Scholarship is the primary activity of the academic world, and it has suffered greatly under the burden of the abundant information -- and misinformation -- provided by the Internet and the World Wide Web. As several authors have noted, students have become so used to making do with the "low-hanging apples" available on the Internet, such that more traditional and more reliable resources such as those found in increasingly foreign places like libraries go increasingly unnoticed and unutilized (Badke 2009; Eisenberg et al. 2005). Scholarship, in other words, has largely become a matter of typing a word in a search box and looking at the top ten results. With true information literacy, the accessibility provided by the World Wide Web makes it the most powerful tool for scholarship in human history many times over; without such literacy, it is a quagmire that bogs down efforts at scholarship.
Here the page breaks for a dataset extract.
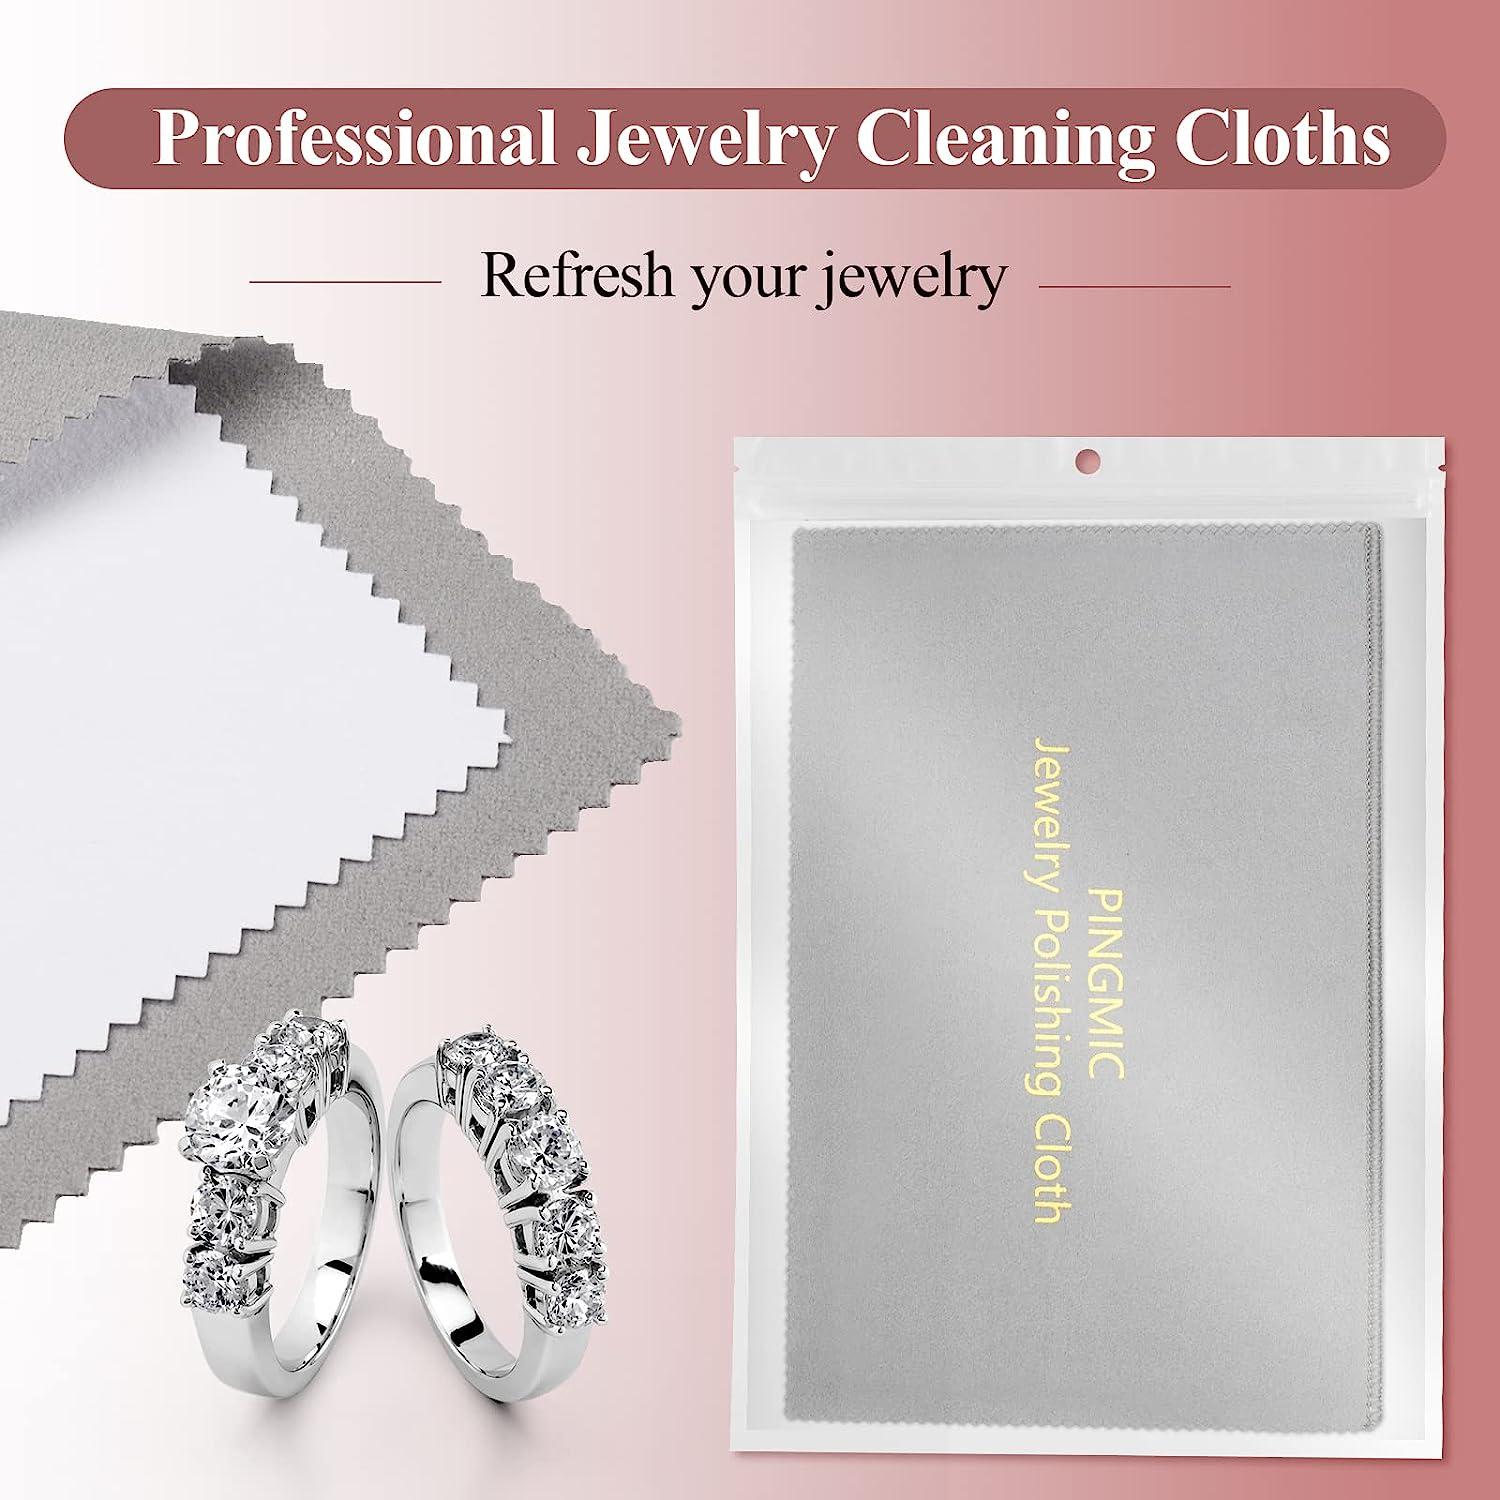 PINGMIC 6 Jewelry Cleaning Cloth, Professional Silver Polishing Cloth for Jewelry Sterling Silver Gold Platinum Copper Diamond, Multi-layer Jewelry

It has long been observed that information and knowledge obtained at a university is old within five years (Turusheva & Turusheva 2006). The very practice of learning is itself being eroded by the ease of obtaining certain basic information on the Internet, meaning that certain skills at once assumed to be implicitly and inherently taught as a part of the educational process must now be communicated in a far more explicit and direct manner (Badke 2009; Turusheva & Turusheva 2006). This is precisely where information literacy enters -- or fails to enter -- into the set of components and factors that determine the efficacy of education and learning. These are the skills that are inherent parts of finding reliable and useful information in sources like books -- and before books themselves are found, in library systems that catalog these books -- and now these skills are no longer being learned in an implicit manner as research in elementary and secondary education does not really require library and book searches (Turusheva & Turusheva 2006; Russell 2009).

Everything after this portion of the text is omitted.